﻿---
title: Elasticsearch for Apache Hadoop runtime options
description: When using elasticsearch-hadoop, it is important to be aware of the following Hadoop configurations that can influence the way Map/Reduce tasks are executed...
url: https://www.elastic.co/elastic/docs-builder/docs/3016/reference/elasticsearch-hadoop/runtime-options
products:
  - Elasticsearch
  - Elasticsearch for Apache Hadoop
---

# Elasticsearch for Apache Hadoop runtime options
When using elasticsearch-hadoop, it is important to be aware of the following Hadoop configurations that can influence the way Map/Reduce tasks are executed and in return elasticsearch-hadoop.
<important>
  Unfortunately, these settings need to be setup **manually** **before** the job / script configuration.

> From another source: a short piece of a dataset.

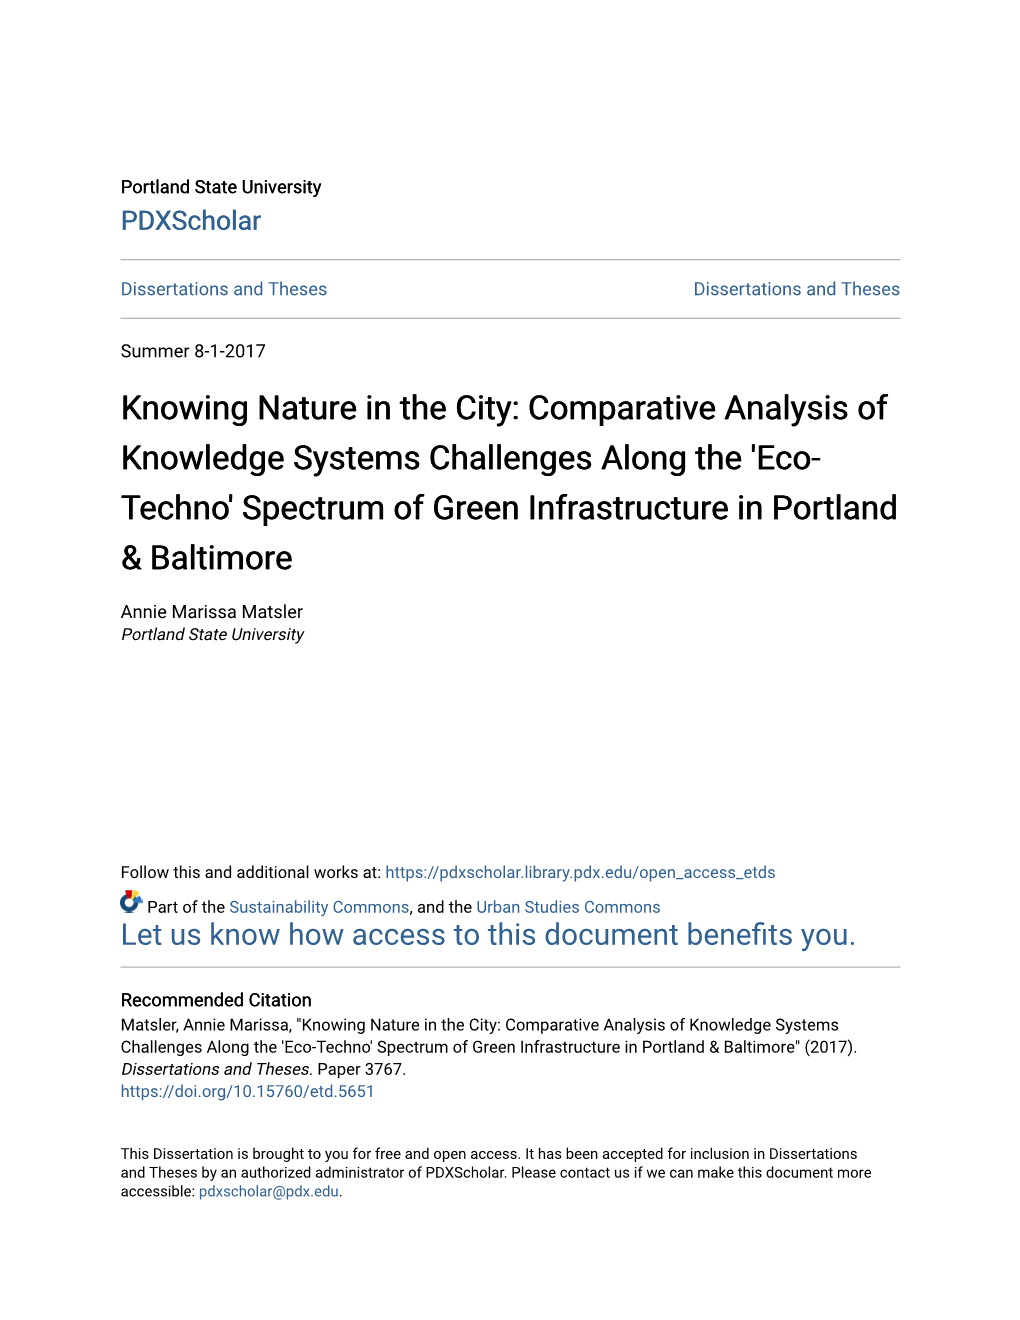 Knowing Nature in the City: Comparative Analysis of Knowledge Systems Challenges Along the 'Eco-Techno' Spectrum of Gree
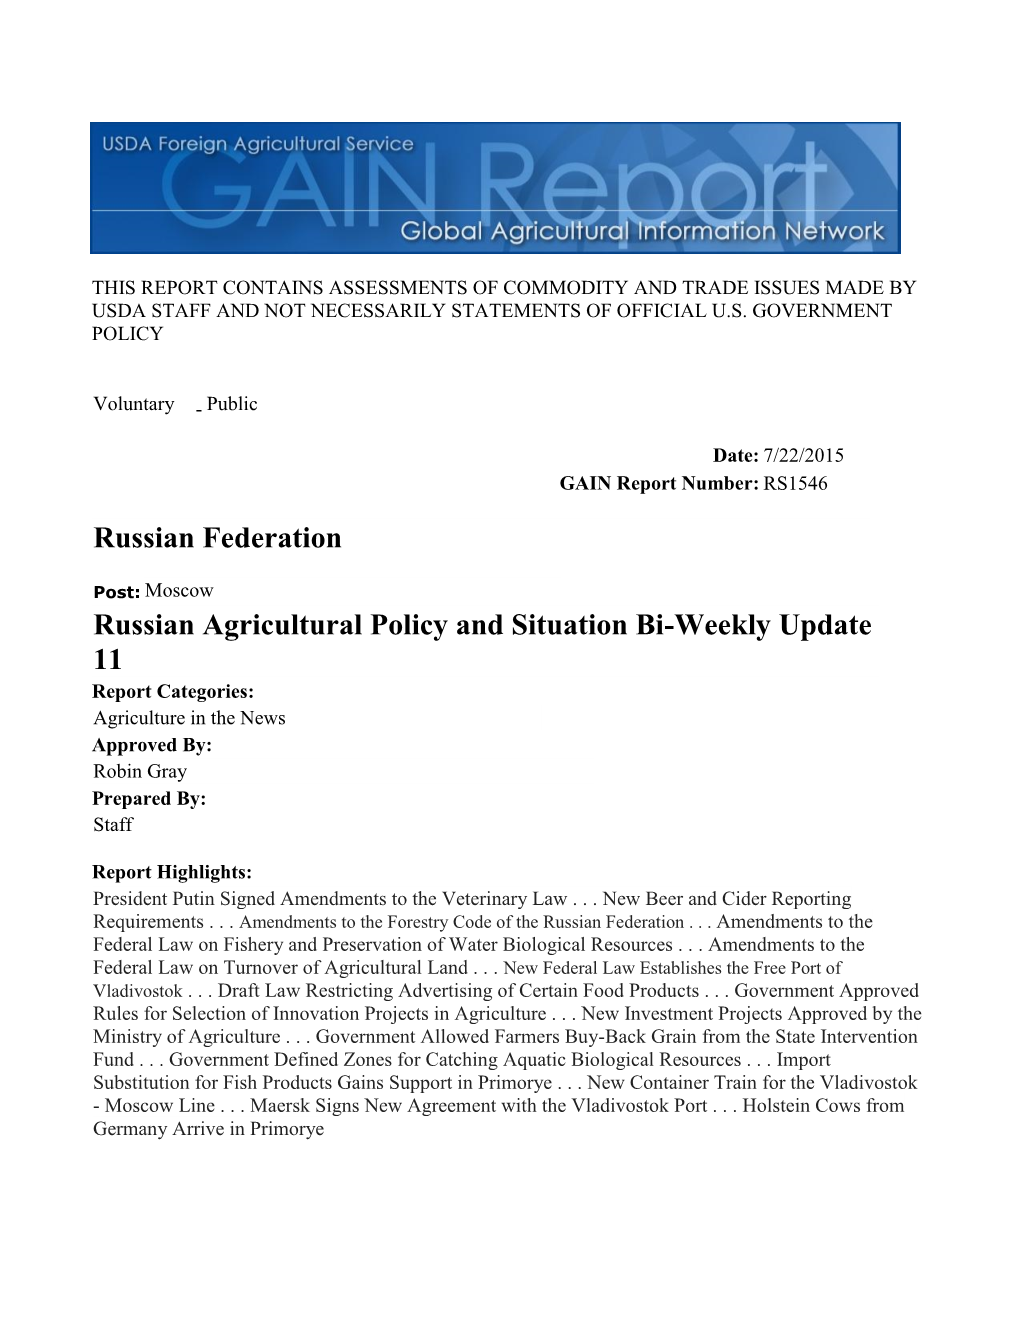 Russian Agricultural Policy and Situation Bi-Weekly Update

Since elasticsearch-hadoop is called too late in the life-cycle, after the tasks have been already dispatched and as such, cannot influence the execution anymore.
</important>


## Speculative execution

[TBC: FANCY QUOTE]
In other words, speculative execution is an **optimization**, enabled by default, that allows Hadoop to create duplicates tasks of those which it considers hanged or slowed down. When doing data crunching or reading resources, having duplicate tasks is harmless and means at most a waste of computation resources; however when writing data to an external store, this can cause data corruption through duplicates or unnecessary updates. Since the *speculative execution* behavior can be triggered by external factors (such as network or CPU load which in turn cause false positive) even in stable environments (virtualized clusters are particularly prone to this) and has a direct impact on data, elasticsearch-hadoop disables this optimization for data safety.
Please check your library setting and disable this feature. If you encounter more data then expected, double and triple check this setting.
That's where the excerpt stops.